Metropolitan Museum of Art, Courtesy of GetYourGuide.com

Based in New York, the Metropolitan Museum of Art, “the MET,” is one of the world’s largest and finest museums, showcasing pieces and artifacts from all over the world. This museum also provides datsets of information on more than 470,000 artworks in its Collection for unrestricted commercial and non-commercial use. You can find those datasets here: https://github.com/metmuseum/openaccess

But what happens when this data is messy? Historical artifacts can have tons of inaccuracy or missing data ranging from where they actually came from, what period they’re from, etc. This dataset is missing values, has inconsistent information, missing documentation, possible duplication, mixed text, and numeric data. So how might one clean that up?

The first step is to load in the data and see what rows and columns you have.

Like the source stated, the Met really does have data on over 470,000 pieces of artwork —

To be exact, they have 491,263 pieces of artwork with 44 different columns of ways to categorize these pieces. Just to show exactly what we might be working with, I’ve pulled out a random piece of artwork so we can understand what the columns are and where there’s actually data.

Object Number                                                       16.74.34
Is Highlight False
Is Public Domain False
Object ID 25
Department American Decorative Arts
Object Name Centavos
Title Coin, 10 Centavos
Culture Mexican
Period NaN
Dynasty NaN
Reign NaN
Portfolio NaN
Artist Role NaN
Artist Prefix NaN
Artist Display Name NaN
Artist Display Bio NaN
Artist Suffix NaN
Artist Alpha Sort NaN
Artist Nationality NaN
Artist Begin Date NaN
Artist End Date NaN
Object Date 1860–70
Object Begin Date 1860
Object End Date 1870
Medium Nickel
Dimensions Diam. 3/4 in. (1.9 cm)
Credit Line Gift of Mrs. Russell Sage, 1916
Geography Type Made in
City NaN
State NaN
County NaN
Country Mexico
Region NaN
Subregion NaN
Locale NaN
Locus NaN
Excavation NaN
River NaN
Classification Metal
Rights and Reproduction NaN
Link Resource http://www.metmuseum.org/art/collection/search/25
Metadata Date 2/11/2019 8:00:01 AM
Repository Metropolitan Museum of Art, New York, NY
Tags NaN
Name: 24, dtype: object

You can see that there are tons of NaN cells just in one single row. It might be smart to use a value_counts() on a few of these columns to see if there’s any data in them at all. When you look into the data, you’ll see that things like “Rights and Reproduction” and “Link Resource” that have the exact same data for each piece of art. Other things, such as “Tags” have next to nothing in it, so it may be easier to simply take out the column rather than trying to clean it up. This part of the data cleaning process is important in that it can narrow down the amount of data you have to sift through, which can save you loads of time in the future.

The next part of the process involves looking for duplicates. One place to look for these is in the ‘Object Number.’ Removing these duplicates will be beneficial for future analysis and is a great way to shrink your data down a bit more.

Of the original 491,263 rows, it got rid of 480,864 duplicates. This leaves us with 10,399 rows of data.

You’ll notice that there are still quite a few NaN (blank/empty) values in this dataset. At this point, it could be worth asking if there’s a single row of data that has a complete value of data.
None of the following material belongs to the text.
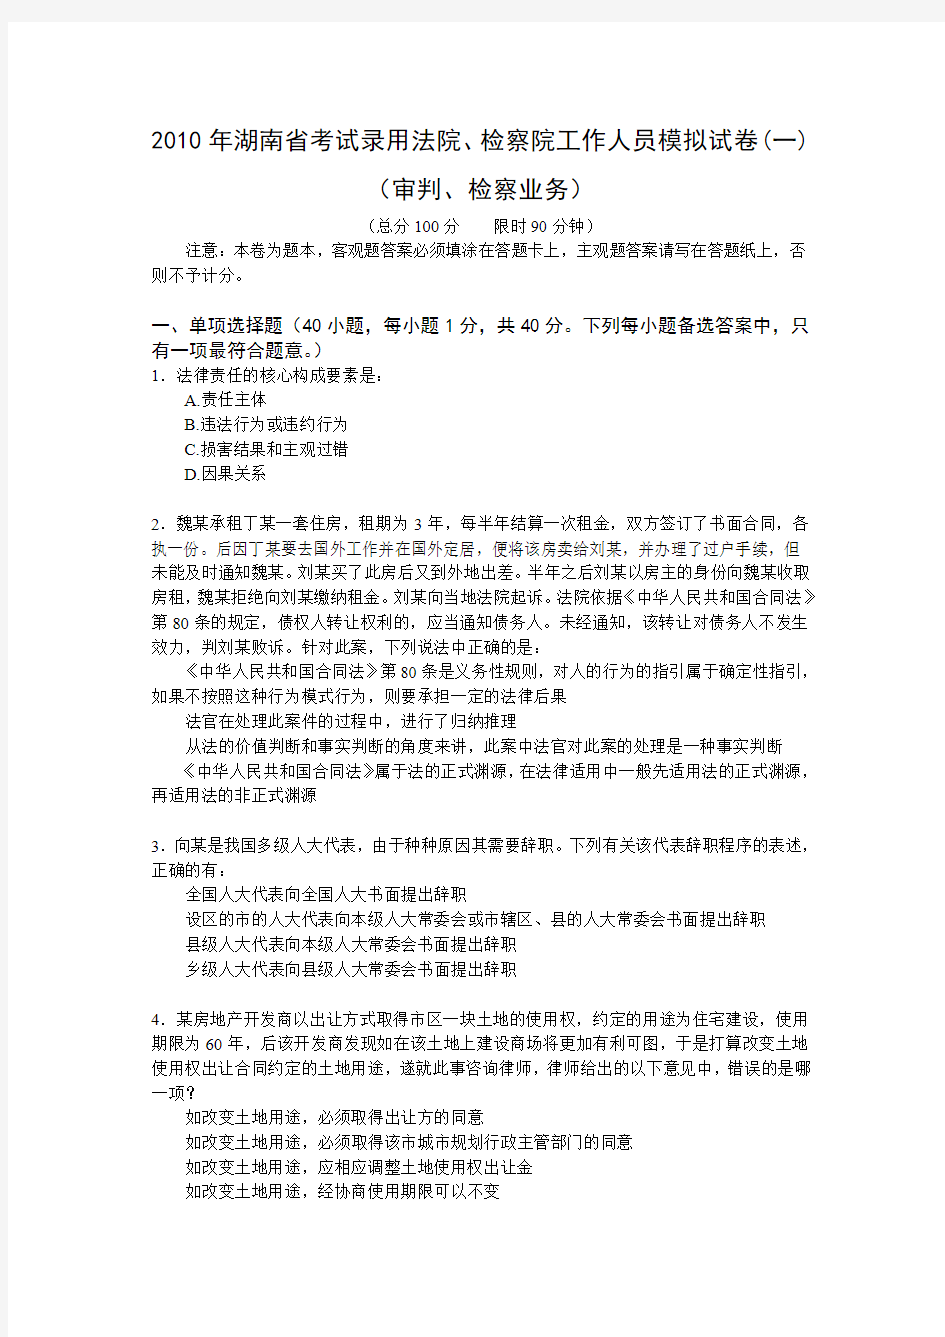 2010年湖南省考试录用法院、检察院工作人员模拟试卷(一)(审判、检察业务)

In order to analyze this data, it’s important to gain a better understanding of what’s in this data and how things are written out. One option to do this is to pull out specific columns and use a value_counts() to understand what’s in it.

For example, pulling out ‘Dynasty’ presents you with this:

Dynasty 7–10 (?)               92
Dynasty 18 78
Dynasty 21 26
Dynasty 19–20 19
Dynasty 19 13
Dynasty 21–26 (?) 9
Dynasty 6 7
Dynasty 12–18 7
Dynasty 8–11 7
Dynasty 26–30 6
Dynasty 20 6
Dynasty 27–30 5
Dynasty 30 and later 5
Dynasty 21–25 5
Dynasty 21 (?) 5
Dynasty 12–17 4
Dynasty 26 4
Dynasty 30? 4
Dynasty 6, first half 4
Dynasty 25 4
Dynasty 9–12 3
Dynasty 4 3
Dynasty 25–26 3
Dynasty 7–10 2
Ptolemaic Dynasty 2
Dynasty 11 2
Dynasty 27 2
Dynasty 20 (?) 2
Dynasty 12 2
Dynasty 17 2
Dynasty 30 2
Dynasty 26–29 2
Dynasty 5 2
Dynasty 21? 1
Dynasty 12, mid 1
Dynasty 8–9 1
Dynasty 19, early 1
Dynasty 25? 1
Dynasty 12, late –13 1
Dynasty 6–8 1
Dynasty 11 (?) 1
Dynasty 26 or later 1
Dynasty 12, late–early 13 1
Dynasty 11–17 1
9 or later 1
Dynasty 18–20 1
Dynasty 26–Ptolemaic Period 1
Dynasty 21–24 1

These dynasties are useful for a lot of Asian artifacts that are already split up into dynasties, however, you can see from this that these columns are full of question marks and unequal ranges. So it may not be the most useful column to focus on when you begin analyzing things.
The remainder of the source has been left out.